131. Palindrome Partitioning

Given a string s, partition s such that every substring of the partition is a palindrome. Return all possible palindrome partitioning of s.

Example 1:

Input: s = "aab"
Output: [["a","a","b"],["aa","b"]]

Example 2:

Input: s = "a"
Output: [["a"]]

Constraints:

• 1 <= s.length <= 16
• s contains only lowercase English letters.

Approach 01:

#include <bits/stdc++.h>

using namespace std;

class Solution {
public:
    vector<vector<string>> partition(string s) {
        vector<vector<string>> result;
        solve(s, 0, {}, result);
        return result;
    }

private:
    void solve(const string& s, int start, vector<string>&& path,
             vector<vector<string>>& result) {
        if (start == s.length()) {
            result.push_back(path);
            return;
        }

        for (int i = start; i < s.length(); ++i)
            if (isPalindrome(s, start, i)) {
                path.push_back(s.substr(start, i - start + 1));
                solve(s, i + 1, move(path), result);
                path.pop_back();
            }
    }

    bool isPalindrome(const string& s, int l, int r) {
        while (l < r)
            if (s[l++] != s[r--])
                return false;
        return true;
    }
};

from typing import *

class Solution:
    def partition(self, s: str) -> List[List[str]]:
        result = []

        def isPalindrome(s: str) -> bool:
            return s == s[::-1]

        def solve(s: str, j: int, path: List[str], result: List[List[str]]) -> None:
            if j == len(s):
                result.append(path)
                return

            for i in range(j, len(s)):
                if isPalindrome(s[j : i + 1]):
                    solve(s, i + 1, path + [s[j : i + 1]], result)

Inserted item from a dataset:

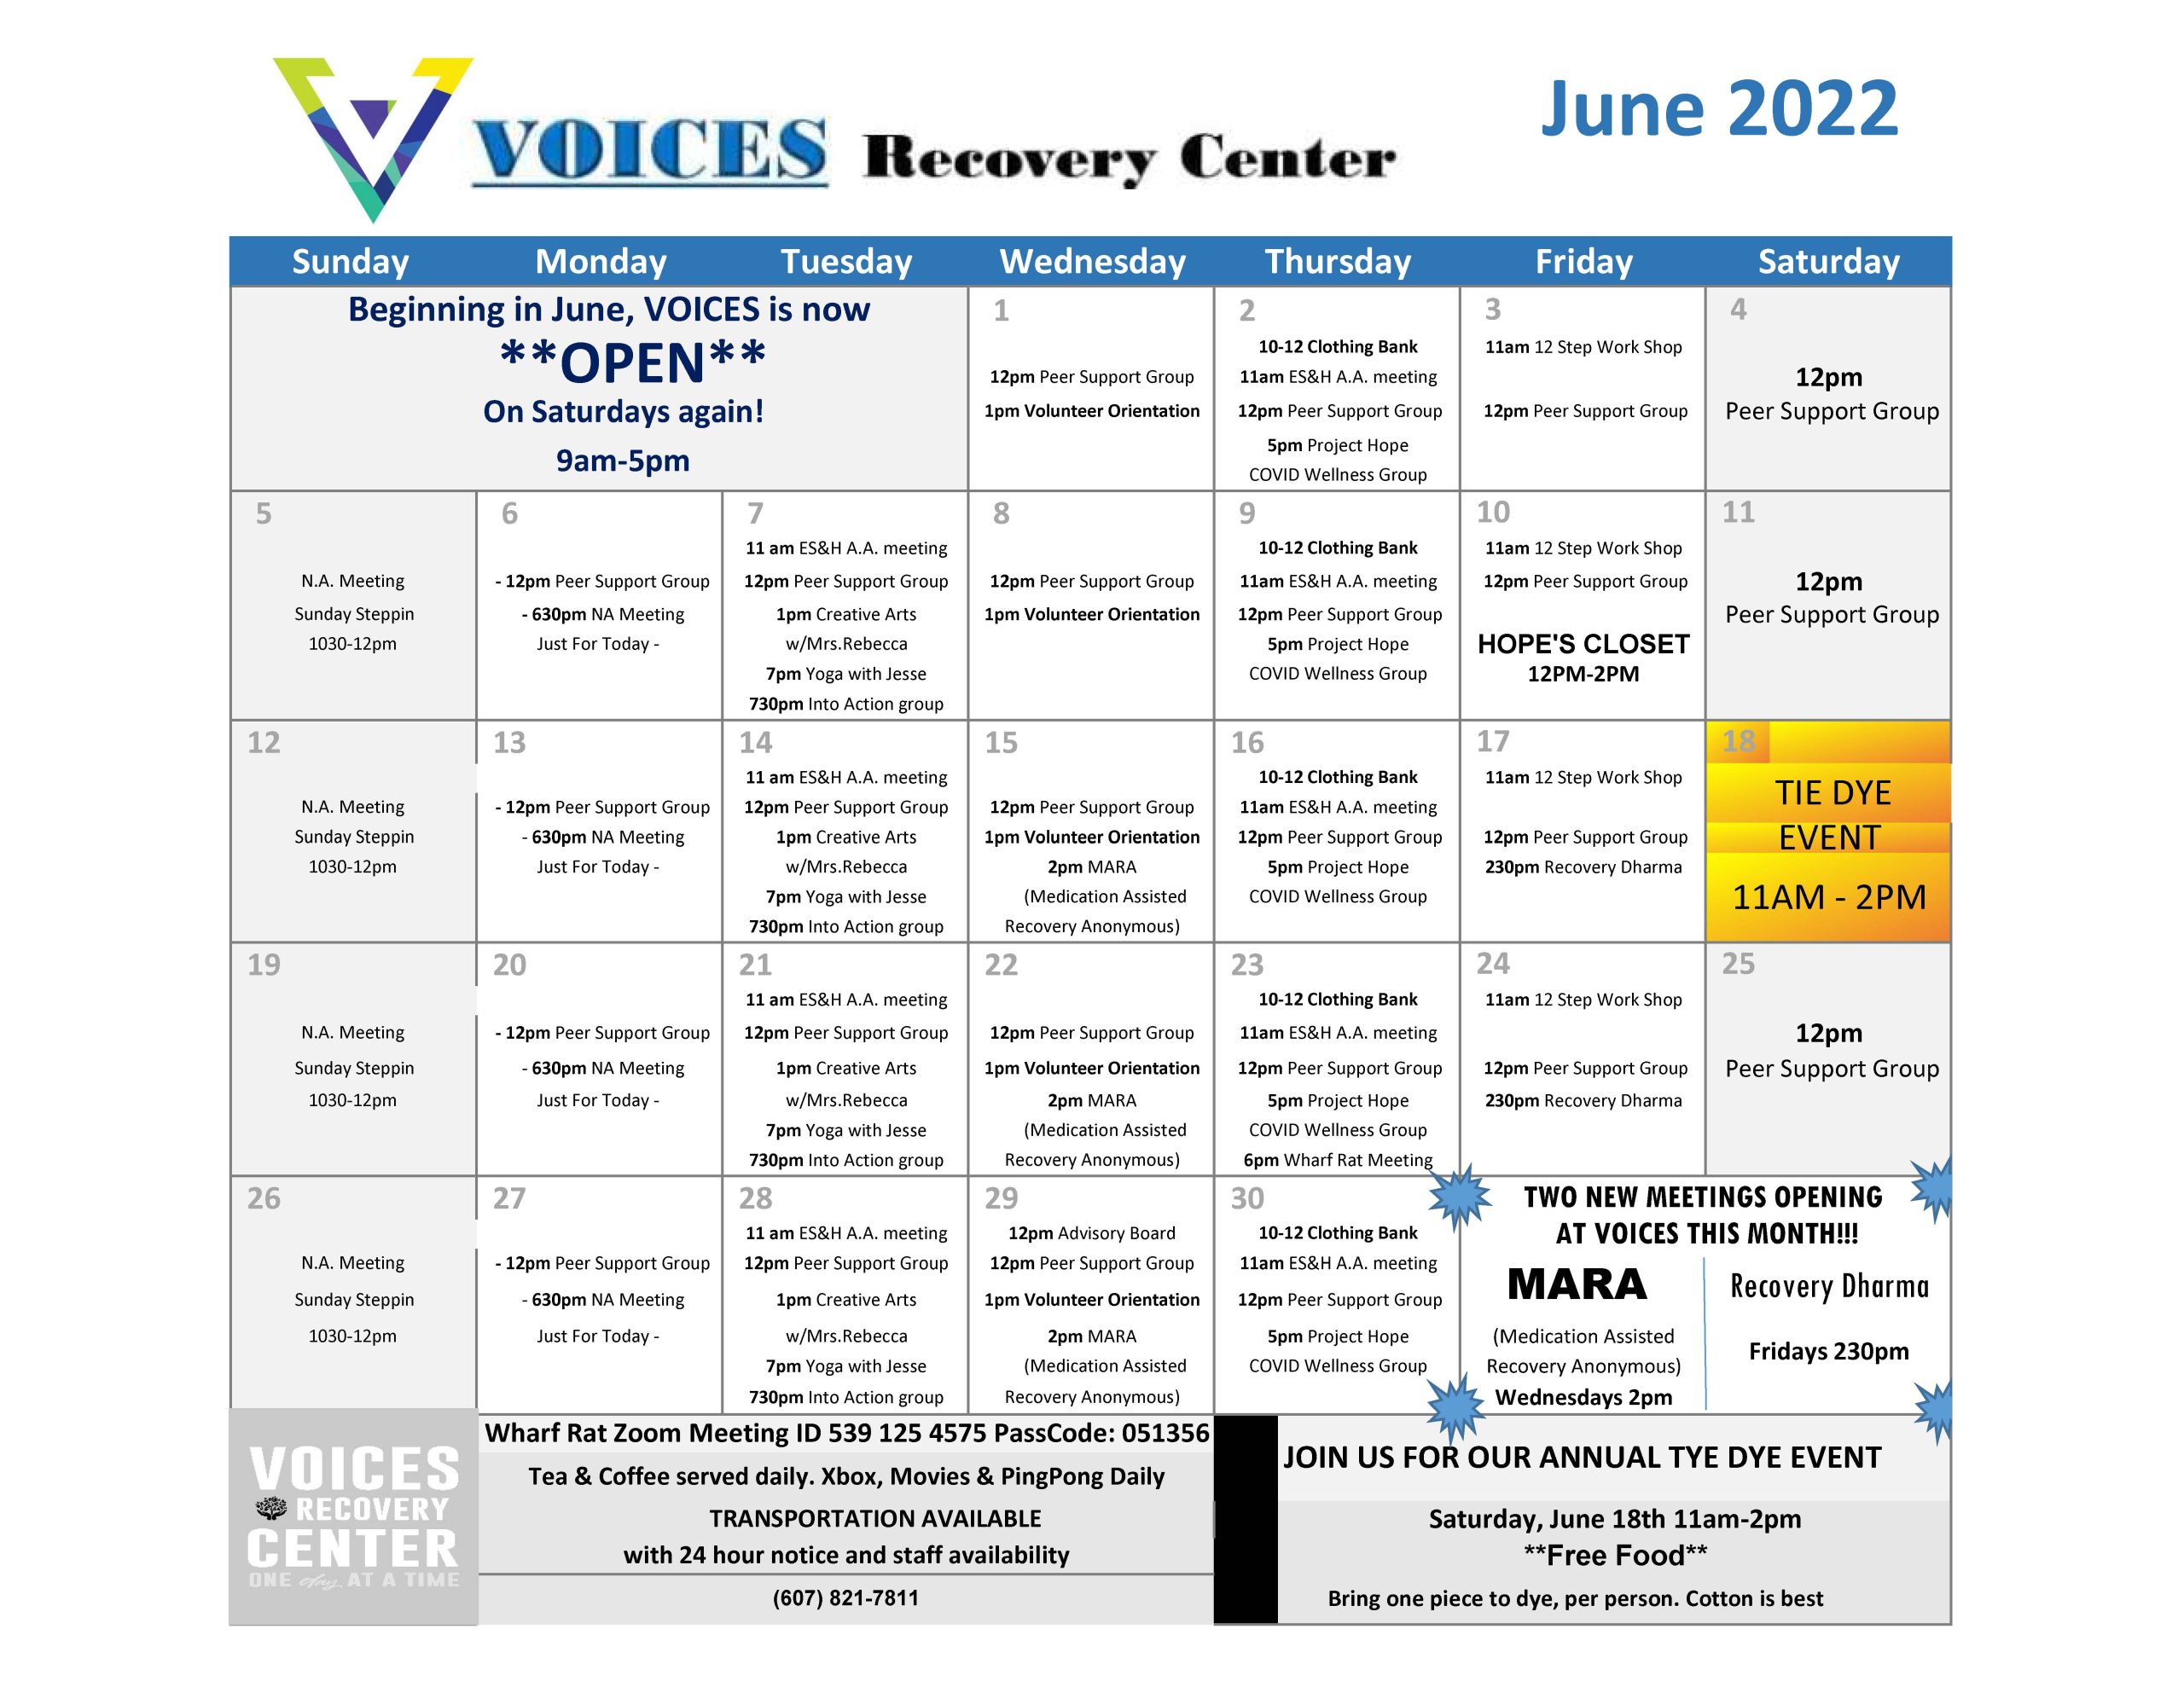 June Calendar 2022 scaled - VOICES Recovery Center June 2022 Calendar

        solve(s, 0, [], result)
        return result

Time Complexity

• Recursive Partitioning:

  The function partition recursively partitions the string s into palindromic substrings. The isPalindrome function is called to check each substring’s palindromic property.

• Recursive Calls:

  In the worst case, the algorithm explores all possible partitions of the string. The number of partitions can grow exponentially with the input size, considering all possible divisions of the string.

• Overall Time Complexity:

  The overall time complexity is \( O(n \cdot 2^n) \), where \( n \) is the length of the input string s. This complexity arises due to the exponential number of possible partitions and the linear time check for each partition.

Space Complexity

• Recursive Stack Space:

  The space complexity is determined by the maximum depth of the recursion stack, which is equal to the maximum number of recursive calls made.

• Path Storage:

  Each valid partition (path) is stored temporarily in the path vector, which contributes to space usage.

• Overall Space Complexity:

  The overall space complexity is \( O(n \cdot 2^n) \), similar to the time complexity. This is dominated by the space required for storing all possible partitions and the recursion stack space.